Gesang artinya hidup. Sekolah Pagesangan adalah sekolah kehidupan. Komunitas belajar bagi siapa saja yang ingin belajar. Tidak terbatas usia, asal, latarbelakang, suku, dll. “Sekolah pagesangan adalah komunitas belajar. Bukan LSM. Bukan proyek pemerintah. Bukan pula proyek Keagamaan.  Komunitas ada karena ada kebutuhan belajar dari masyarakat.” ungkap Diah kepada tim petanimuda.org.

Sekolah Pagesangan  ingin mewujudkan pendidikan yang kontekstual  menjawab persoalan yang ada di masyarakat. Bahwa pendidikan tidak seharusnya tercerabut dari situasi dan konteks persoalan, sosial, budaya setempat. Pendidikan harus mampu memberikan solusi atas persoalan yang ada di masyarakat, bukan sebaliknya membuat jarak dengan masyarakat.

Awal mula didirikannya Sekolah Pagesangan (SP) untuk media belajar yang ingin menjadi bagian solusi bagi persoalan warga. Solusi bagi desa, untuk meningkatkan kesejahteraan warga tanpa meninggalkan potensi dan budaya desa.

Proses belajar dan rintisan SP dimulai sejak awal 2008 dikenal dengan sebutan Sekolah Sumbu Panguripan (SSP). Diinisiasi oleh 6 orang volunteer yang tinggal di Jogja, tanpa pendanaan eksternal. Berdasarkan identifikasi dan penggalian potensi desa, ditemukan bahwa budaya bertani dan strategi pemenuhan pangan menjadi potensinya. Hidup di kawasan karst (kapur) dan ketersediaan air yang minimalis, tidak menghalangi masyarakat untuk terus bertani guna memenuhi kebutuhan pangan.

Selama berkegiatan pendanaan SP dilakukan melalui iuran volunteer, donasi serta usaha bersama anak-anak. Pendampingan di desa dilakukan 3 kali seminggu, namun memasuki tahun ketiga hanya Diah yang bertahan hingga tahun 2013. Pada tahun itu terjadi perbedaan pendapat antara Diah dengan volunteer Sekolah Sumbu yang lain, karena meskipun sudah berhenti berkarya di lapangan mereka ingin menjadikan Sekolah Sumbu sebagai institusi legal formal. Hal ini membuat Diah mengundurkan diri.

Tiga bulan setelah Diah berhenti, kegiatan bersama anak-anak terhenti pula, dan anak-anak akhirnya mencari sosok Diah kembali. “4 bulan sesudah itu saya membuat Sekolah Pagesangan bersama anak-anak. Pada waktu itu, anak-anak yang telah saya dampingi sejak 2008 sudah menginjak remaja dan memiliki kehendak kuat untuk mandiri.” Jelas Diah.

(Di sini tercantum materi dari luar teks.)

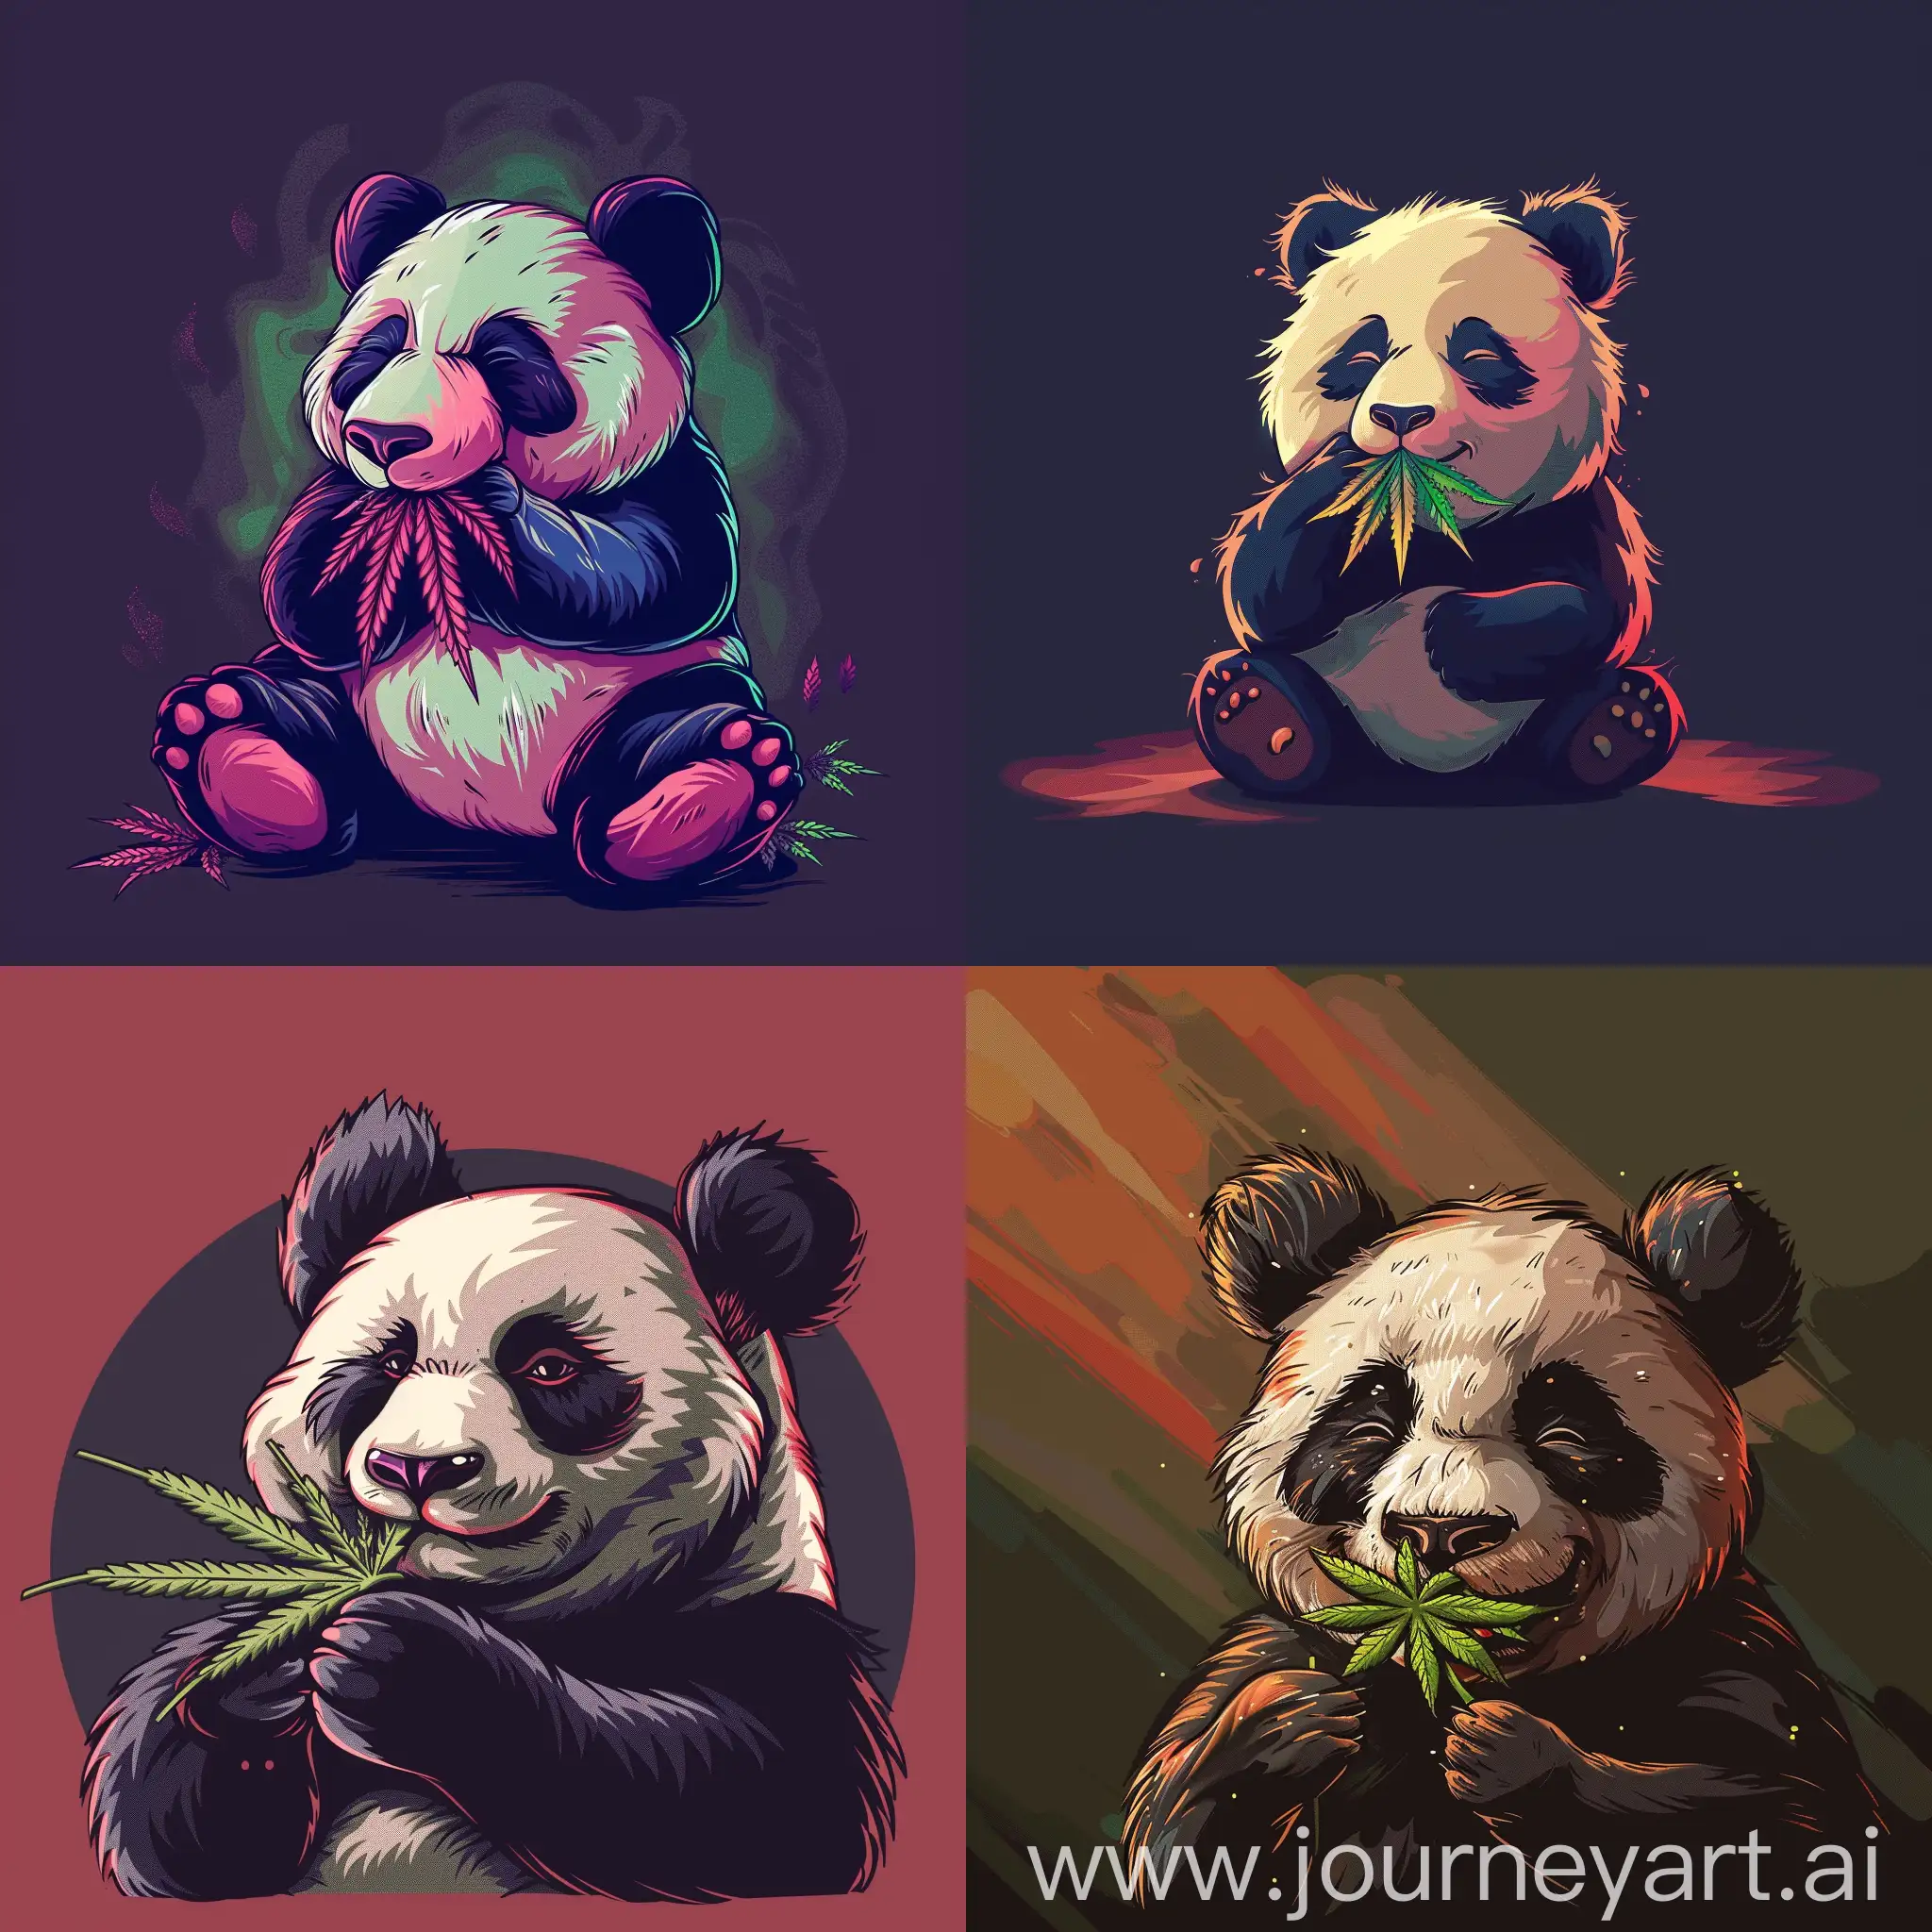 Playful-Cartoon-Panda-Enjoying-a-Cannabis-Leaf-in-Imaginative-Minimalist-Style

Sejak 2014,  SP memutuskan untuk lebih memperdalam bertani sebagai tema belajar. Proses belajar bertani, banyak didukung oleh masyarakat. Lahan garapan untuk demplot, keseluruhannya adalah pinjaman dari para orangtua. Sekarang Anak-anak telah memiliki lima kebun di tanah pinjaman dari orang tua mereka. Luasnya sekitar 300-500 m2 perkebunnya.

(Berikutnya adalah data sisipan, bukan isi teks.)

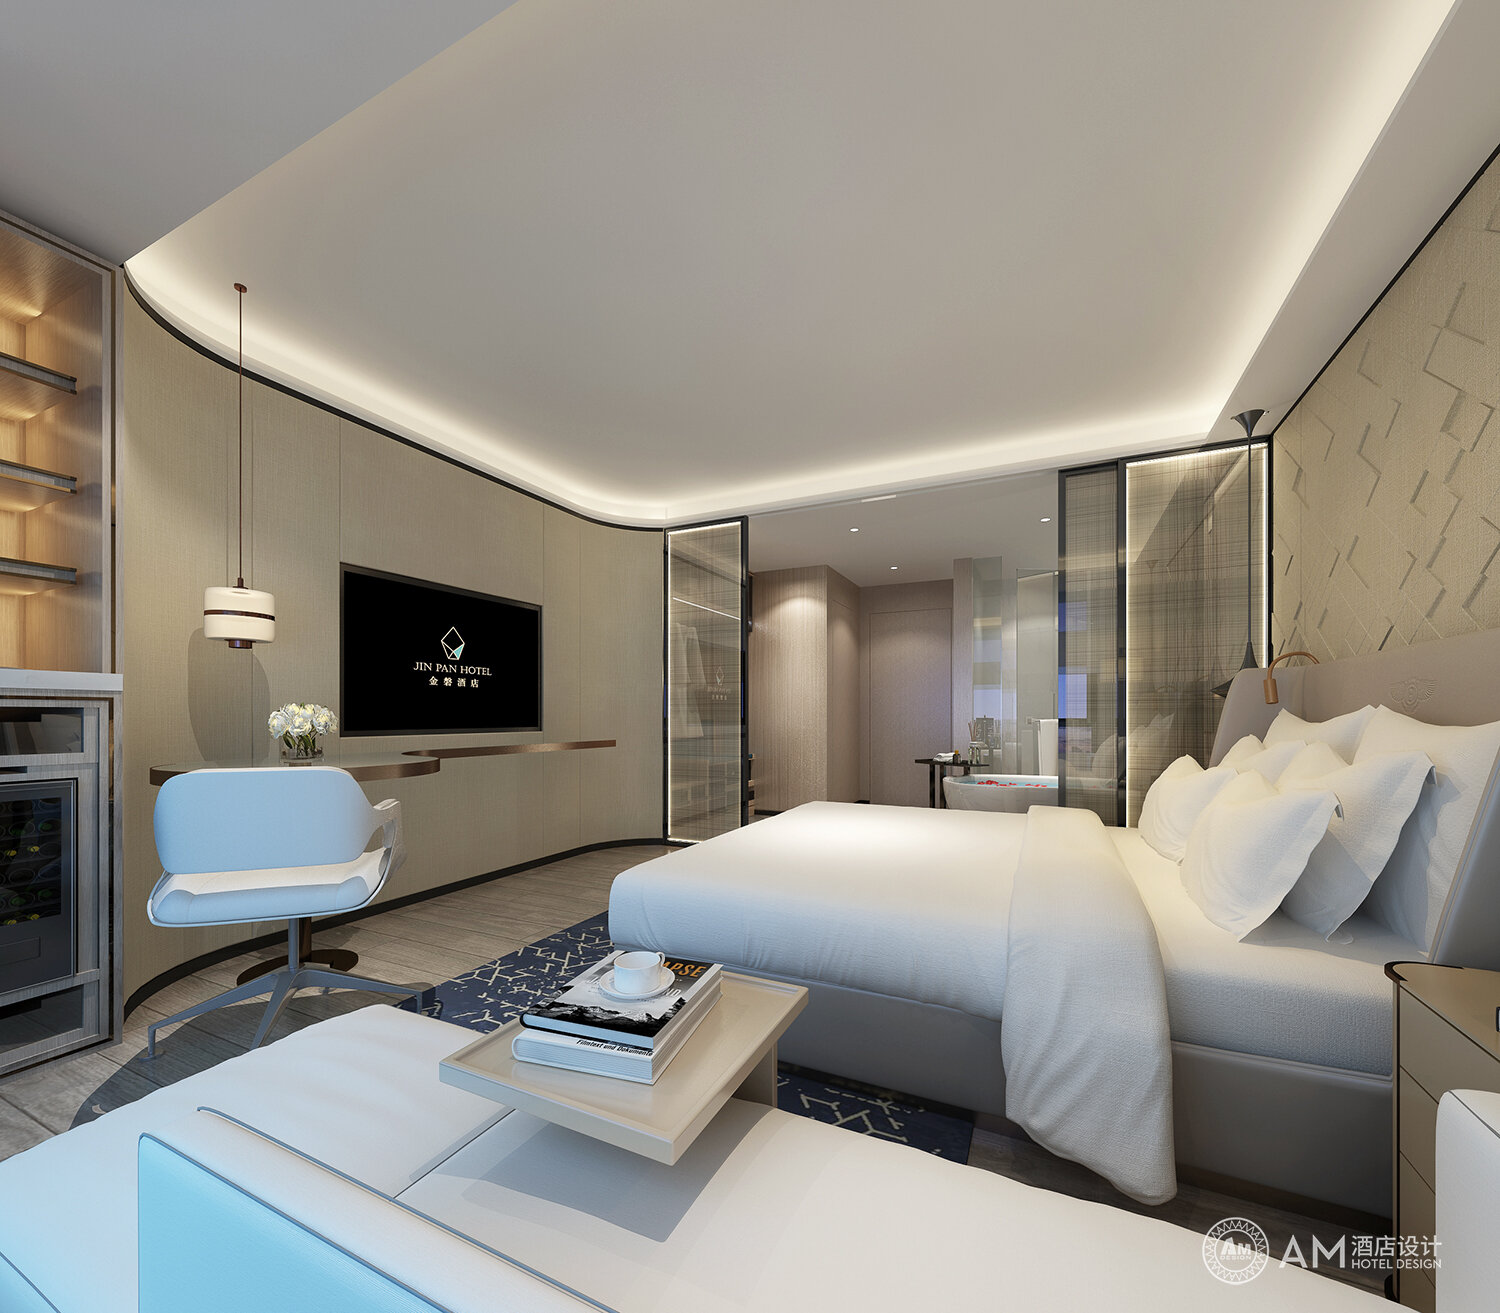 AM DESIGN | Jinpan Hotel Guest Room Design

Kegiatan utama SP terbagi dalam dua hal, yang pertama ialah bertani dan mengembangkan usaha ekonomi, yang kedua Bertani dan mengolah pangan. SP mengembangkan pertanian alami dengan sistem tumpangsari dibawah tegakan pohon jati. Membuat kompos, membuat MOL (Mikro Organisme Lokal) dan bertanam dengan tehnik permakultur.

1507638_844853658934093_1940801245201354376_n

Selain kegiatan bertani, membuat kompos dan pupuk mandiri, SP juga belajar meningkatkan nilai tambah hasil panen dengan cara mengolahnya. Melalui SP, anak-anak dusun Wintaos, Girimulya ini belajar menghargai bertani sebagai penghidupan yang bermartabat. Mereka semakin optimis dan kreatif didalam mengembangkan usaha pertanian, dari proses menanam hingga mengolah nilai tambah produk pertanian. Sebut saja produk “Thiwul Instan” panganan lokal khas Gunungkidul ini dapat dijual 20rb/kilo. Thiwul berbahan dasar singkong sangat digemari masyarakat kota. Orang tua mendukung dan turut aktif dalam pembuatan produk Thiwul.

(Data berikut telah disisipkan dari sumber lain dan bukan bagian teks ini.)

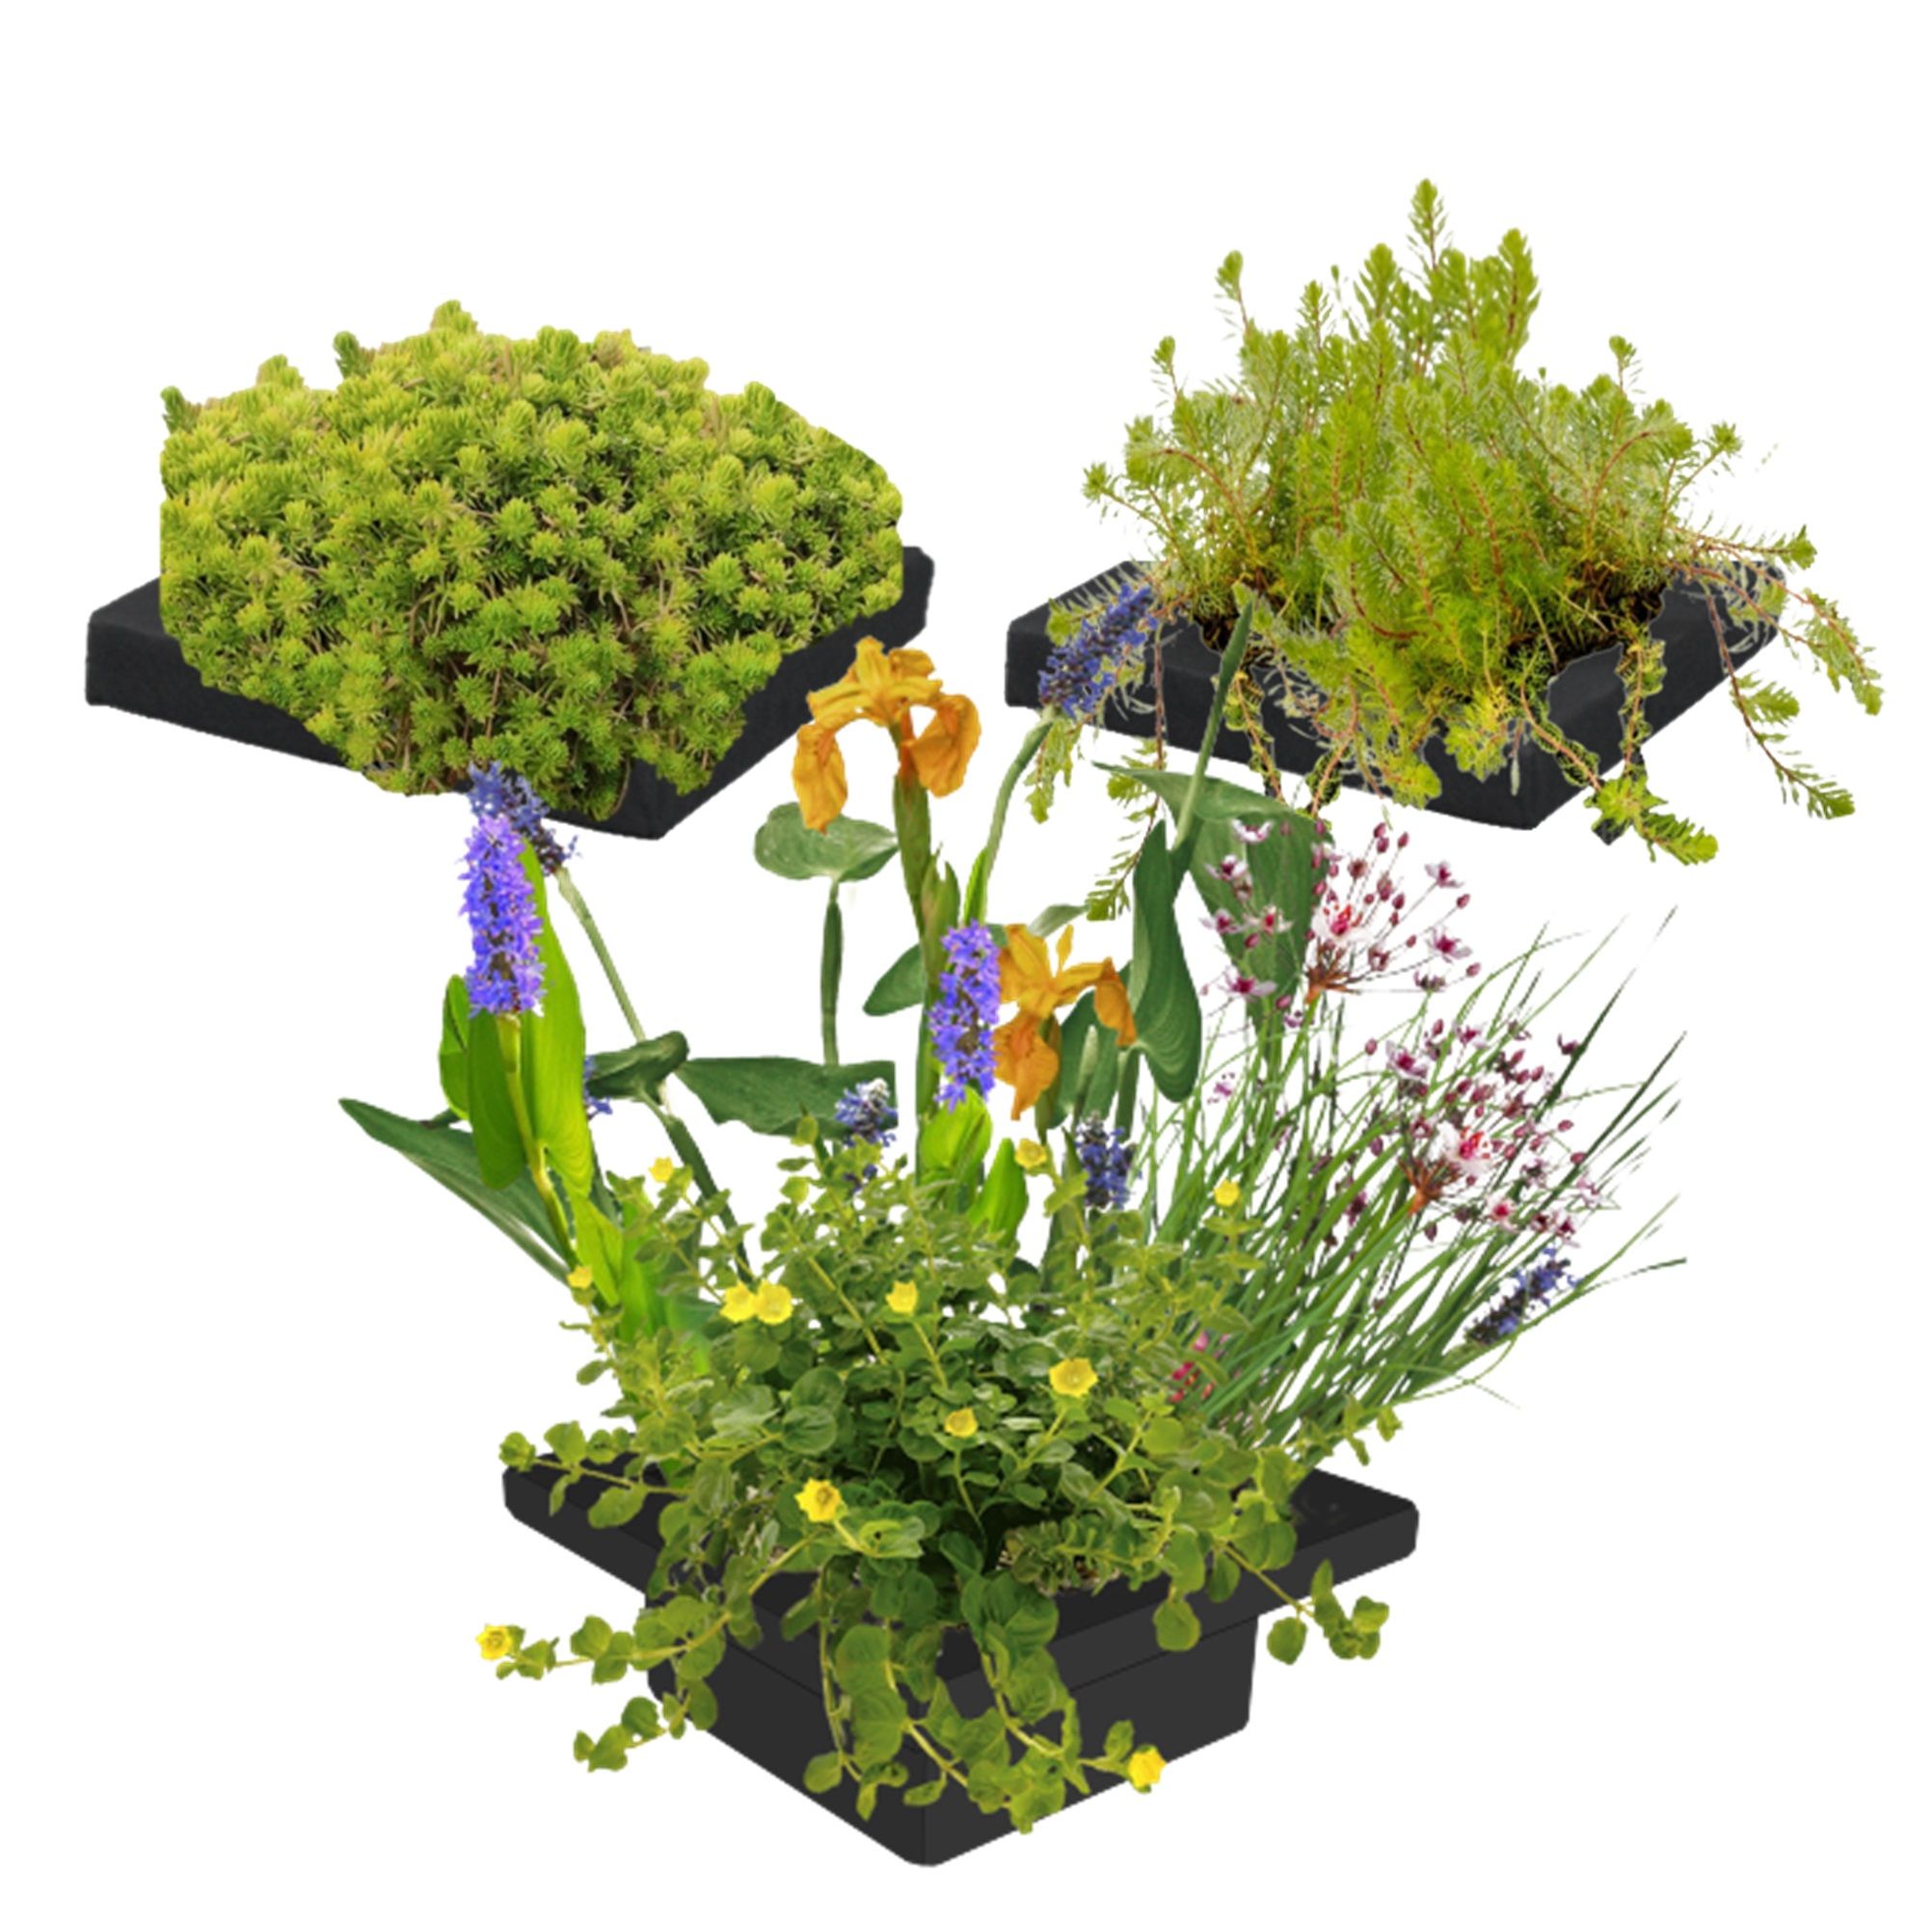 vdvelde.com - Îlot de plantes flottantes - DIY - 12 plantes aquatiques fleuries et oxygénantes - 3x anneau flottant inclus

13139142_10209257336212930_6717843338333310792_n

Selain thiwul mereka juga mengolah keripik, kue serba singkong dan aneka tepung umbi-umbian. Mengembangkan pasar dengan mengikuti bazar di pasar-pasar komunitas juga dilakukan mereka sebagai bentuk pemasaran. Pesatnya teknolgi juga dimanfaatkan mereka untuk mempublikasikan hasil produk pasca panen mereka, tak heran mereka sampai memeiliki pelanggan tiwul dari Bogor.

Menariknya, dari proses ini kegiatan SP tidak hanya diikuti anak-anak, banyak orangtua yang terlibat dan belajar besama. SP juga sedang belajar mengembangkan jaringan dan dukungan dari banyak pihak.